Another challenge focused on consent. What protocol should we follow when families could not easily access the technology to preview their VHS and miniDV tapes before providing consent to archive? What if only some family members who appeared in a particular video agreed to their images being donated to an archival institution? Fortunately, HMV baked these concerns into their project procedures. Participants could digitize up to five media carriers, and in exchange, they were asked to donate a minimum of five minutes of footage. This flexible arrangement suited issues around privacy and protected intimate family moments with participants, such as Trinh Nha Truong who was happy to donate the entirety of her VHS cassette tape because “she wanted to show other Canadians that ‘our people live in Canada too.'”  Anther participant chose “to contribute a clip that didn’t centre people but a place” to protect the family’s privacy.

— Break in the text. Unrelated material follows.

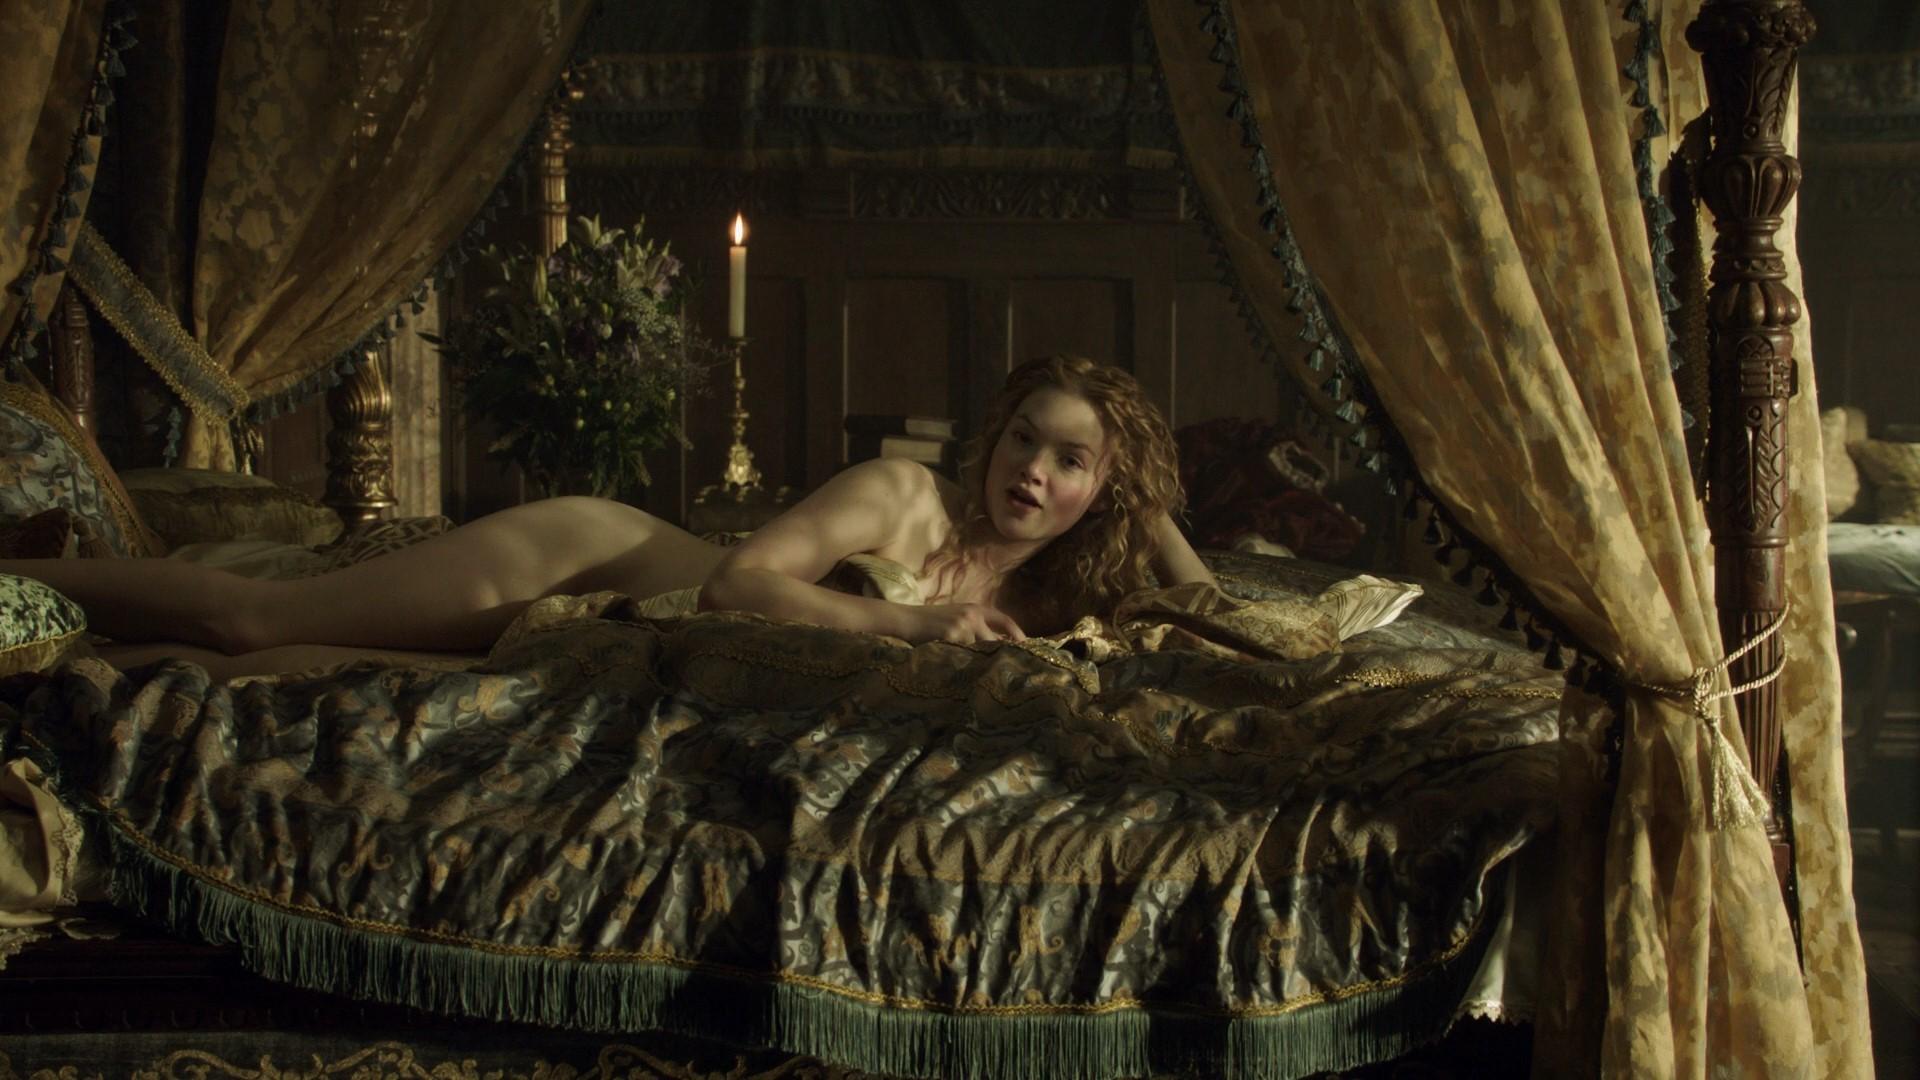 Holliday grainger celebrity nude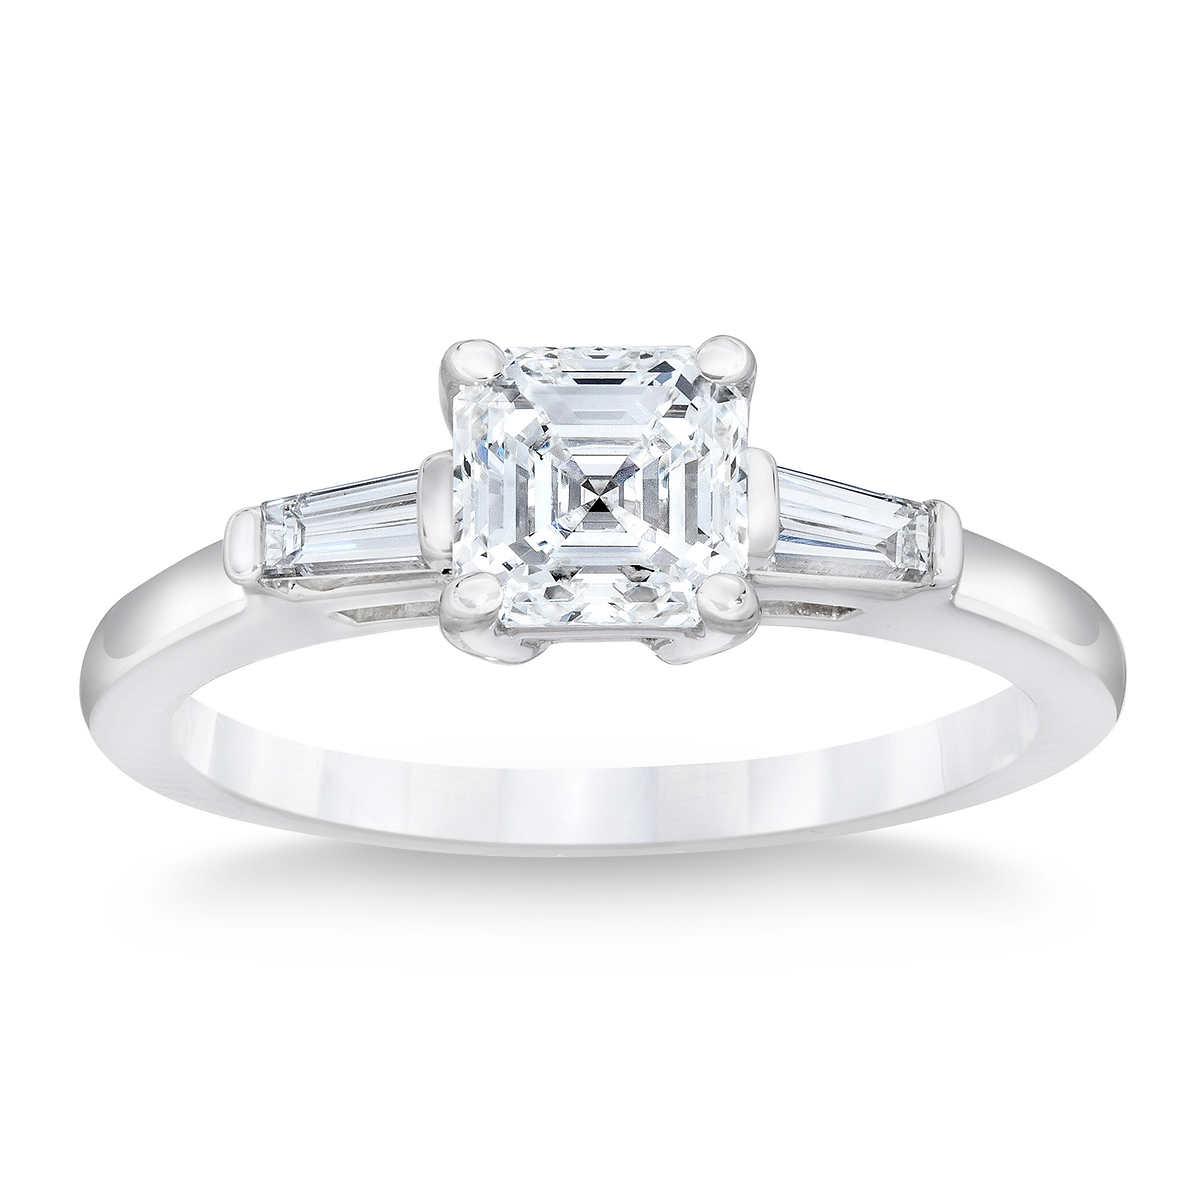 engagement wedding ring Square Emerald Cut 2 69 ctw VS2 Clarity E Color Diamond Baguette Platinum Ring

Khmer-Krom family and friends sitting at a table and celebrating a baby shower

In 1992, members of the Truong/Tram family celebrate the one-month birthday of the newest member of the family. Image credit: Truong/Tram family and York University Libraries, Clara Thomas Archives and Special Collections, Home Made Visible collection


In addition to preserving historical records from across Canada, HMV has been committed to and involved with the research and dissemination of historical research through public programming. The second phase of the project involved seven commissioned artistic works that reflect on the power of reclaiming and personalizing the practice and places of archives. These works premiered at the 16th Annual Regent Park Film Festival on November 2018 and were included in the third phase of the project: a tour across Canadian public libraries to start dialogues about how diverse histories converge on this land. The tour included workshops on topics including zine-making, oral storytelling, free-writing, postcards as personal archives, and stop-motion filmmaking.

HMV is not only an inspiring project because it bridges the archival and artistic community together, to the enrichment of both communities, but also because of its demonstrated ability to use collaboration to reach a broad public audience.

Funding for the Home Made Visible project, including digitization of footage, was provided by the Canada Council for the Arts’ New Chapter program. 

~Katrina Cohen-Palacios is a media archivist at the York University Libraries, Clara Thomas Archives and Special Collections.